Por las calles de Porcuna no ibas tú sino tu sombra cantándoles a las gentes la murga de los toreros. Arturé en todos los entierros dando su sentido pésame a las mujeres de negro y a los hombres con cintillo, que no había entierro al que Arturé no acudiera para dar la cabezá, con la mascota en la mano, y alguna lágrima sentida. Curica masculino, no creído y creyente en tus principios sonámbulos y en tu virgen con estadales. De ti se reían los hombres de las barbas, las mujeres de los bambos y los niños sin chupetes, pero nadie quería saber de tu tragedia. Te apaleaban los municipales y las palabras de los mozos boxeadores y hasta los niños a los que tanto querías y a los que regalabas, de los carrillos azules y de las cestas de mimbre, pistolines de eucalipto, bolicas de anís y anisicos de colores. Y cuando todo se te hacía insoportable y perdías la cabeza, o encontrabas la inspiración iletrada de tu grandeza insultada, se te abrían en las heridas la incomprensión de tus tiempos y te ibas bajo un árbol de morera para comerte, solitario, una naranja mandarina, mientras por el Paseo de Jesús, paseaban tus amigos de siempre, los fatuos y los trolos, los santos inocentes de los cuellos con sonajas, las espaldas con muñequitos, y las almas con cascabeles, sintiendo de la soledad, su paz estremecedora.

Arturé Primero de Porcuna, sin tener ya conciencia alguna de la inconsciencia hacia ti, te regalo un colibrí y una sirena cantora. Monarca de las doloras alcobas del torreón. Mitad luces de león, casi campana sonora. Por la acera de tu sombra, tú rescatado en el tiempo. Inmortal de los conciertos menesterosos del alma. Por la esencia de la calma tu nombre grabado a fuego, sobre el oscuro sendero de los simples soñadores. Arturo con los deudores, Arturé con los adeudos. Señor feudal sin más feudo que una morera sin moras, y una siesta soñadora de naranjas mandarinas. Por el huy de las esquinas, la sombra de tu chaqueta, dejaba a la gente quieta como un entierro que pasa. Monarca de las murgas y los partidos de fútbol, en los amaneceres turbios tus frutas y tus verduras, y en las tardes de los curas, tus acarreos de vino para sacarle al tocino su sustancia apetitosa. Si no fueras todo rosas te quitaría las espinas, con una sombra de encinas y un ukelele canoro. Arturé de los escombros, Arturo de los suspiros, alunado con los trinos de los pájaros del agua. Por el envés de las faldas tu boca soñando besos, ya fueran besos convexos o besos de niños pobres.
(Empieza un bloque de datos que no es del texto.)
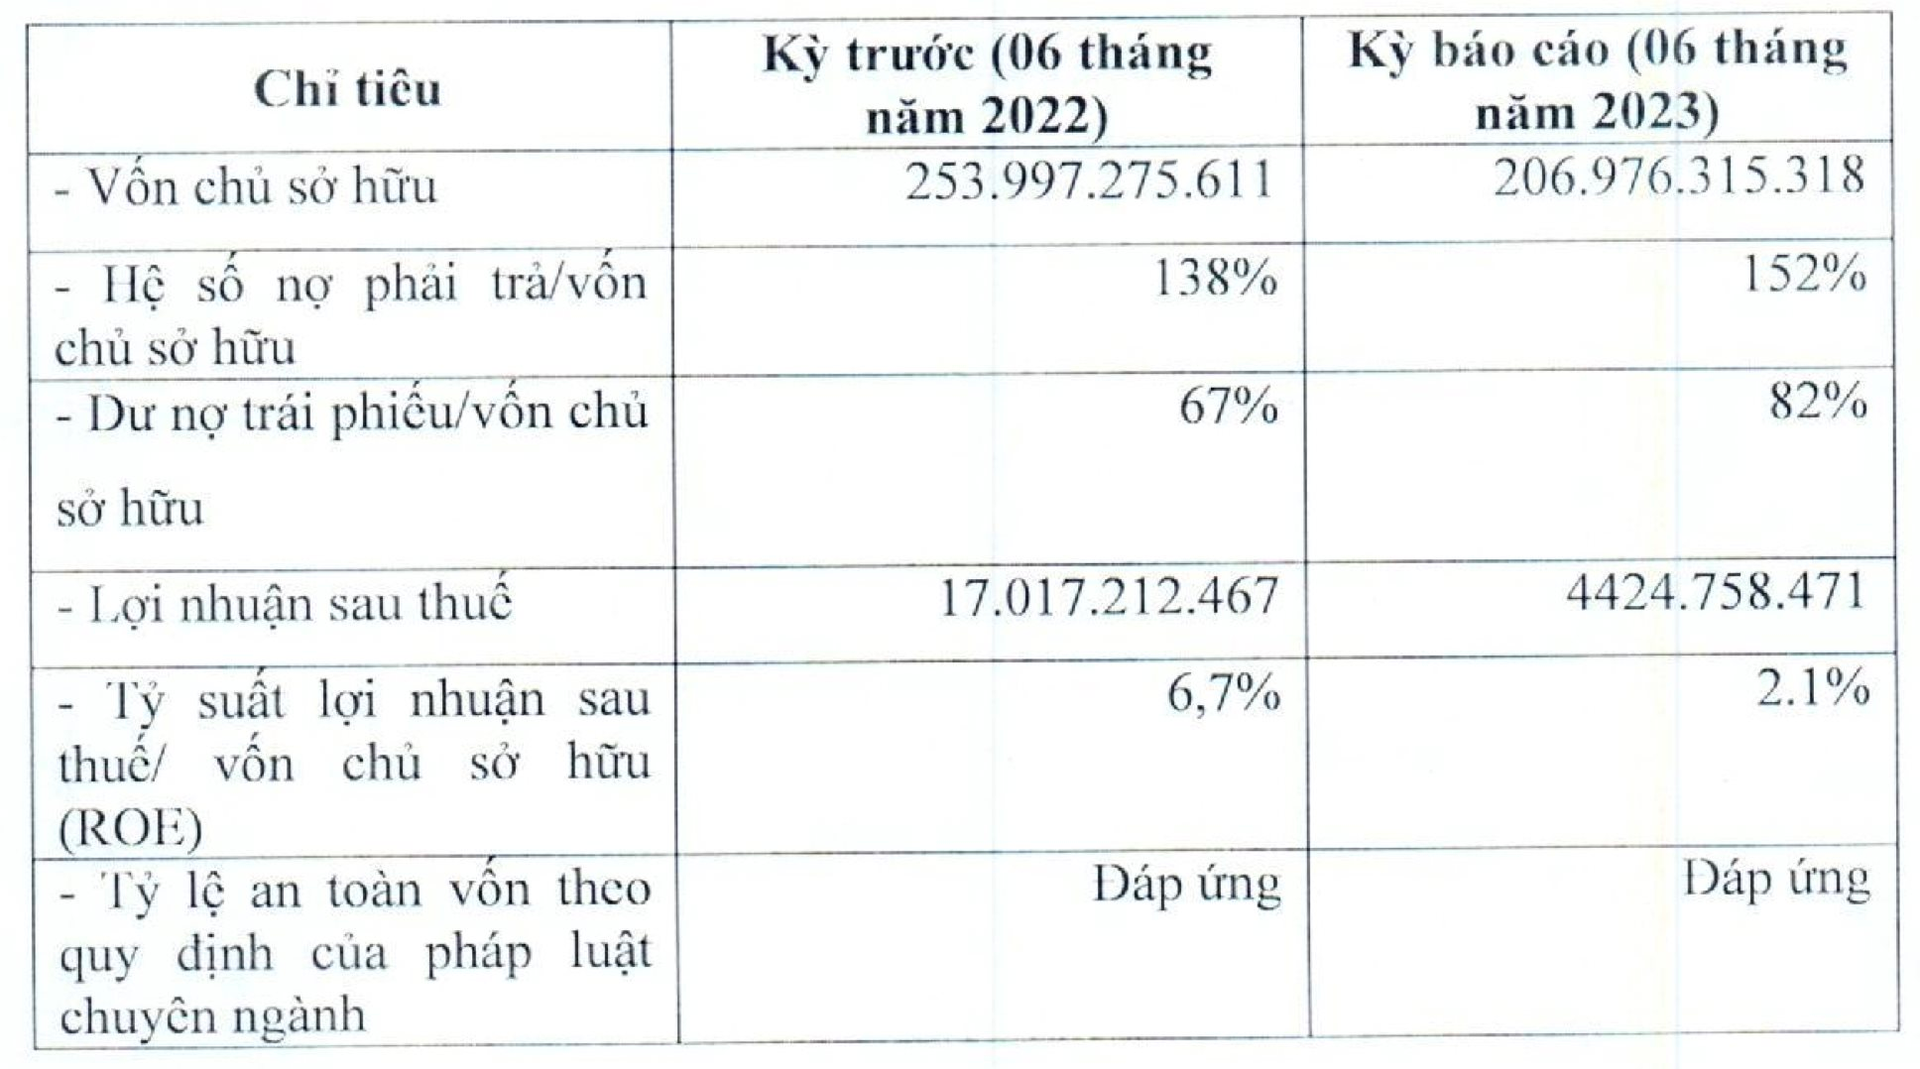 Bkav Pro của ông Nguyễn Từ Quảng: Từ mức giá 2.100 tỷ đồng, vay tiền cho giấc mơ Bphone đến cú trượt về lợi nhuận và nợ khó đòi tại VNDirect - Ảnh 4.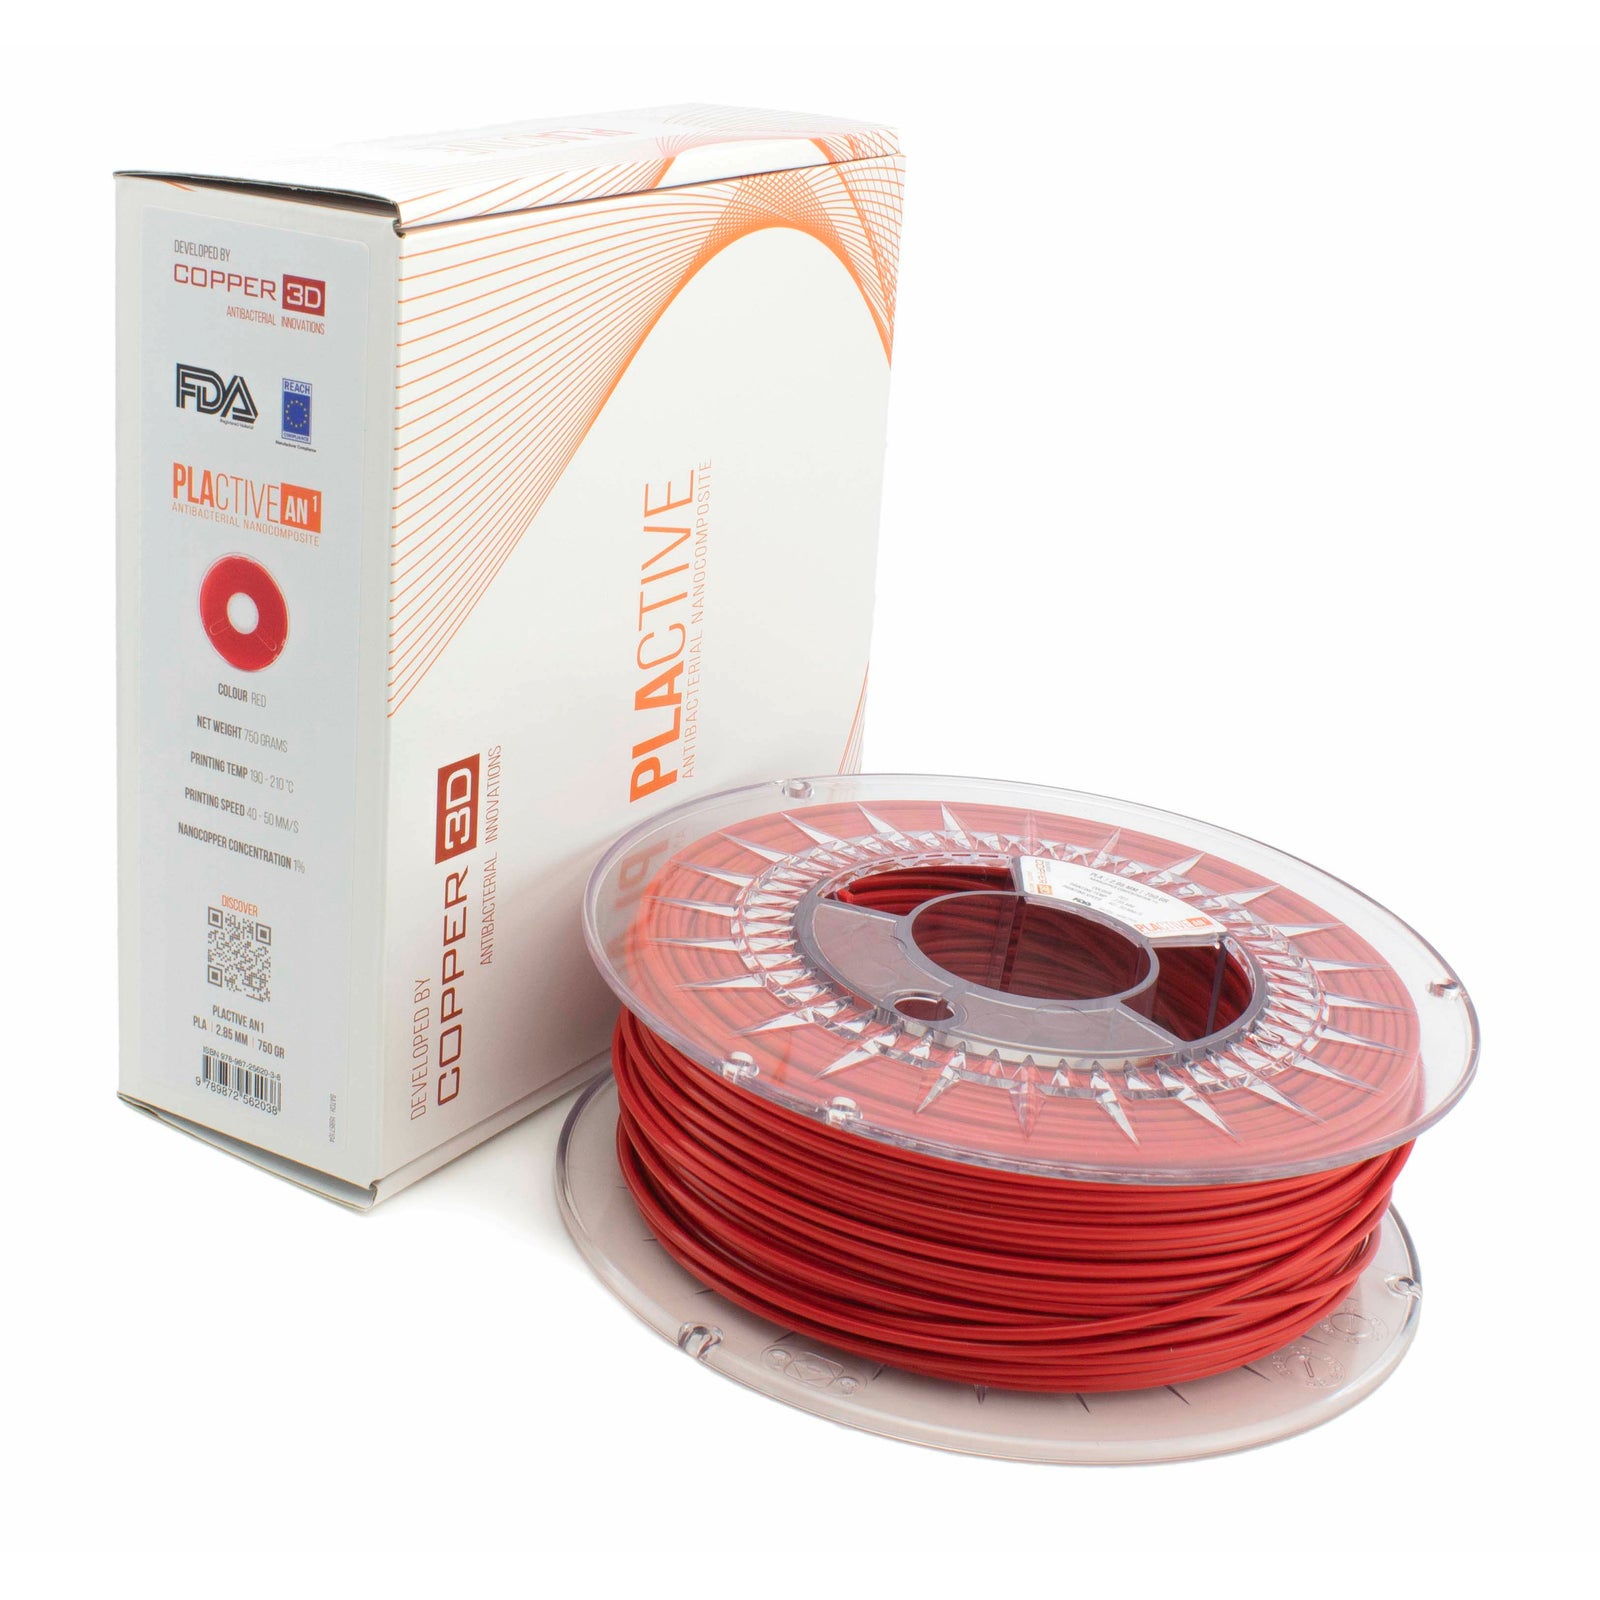 PLA Filament Copper 3D PLActive - Innovative Antibacterial 1.75mm 50gram Classic Red Color 3D Printer Filament

Salutación de los hombres en estas horas sin mañas, del ayer tu nombre engaña a este hoy melancolía. De aquellos tus tristes días del pasar besando el suelo, rescato tu desconsuelo para cubrirlo de rimas y de nombre recordado. Pasa la vida sus lados, y todos a fin de cuentas, somos carne de tormentas bajo una tumba sin nombre.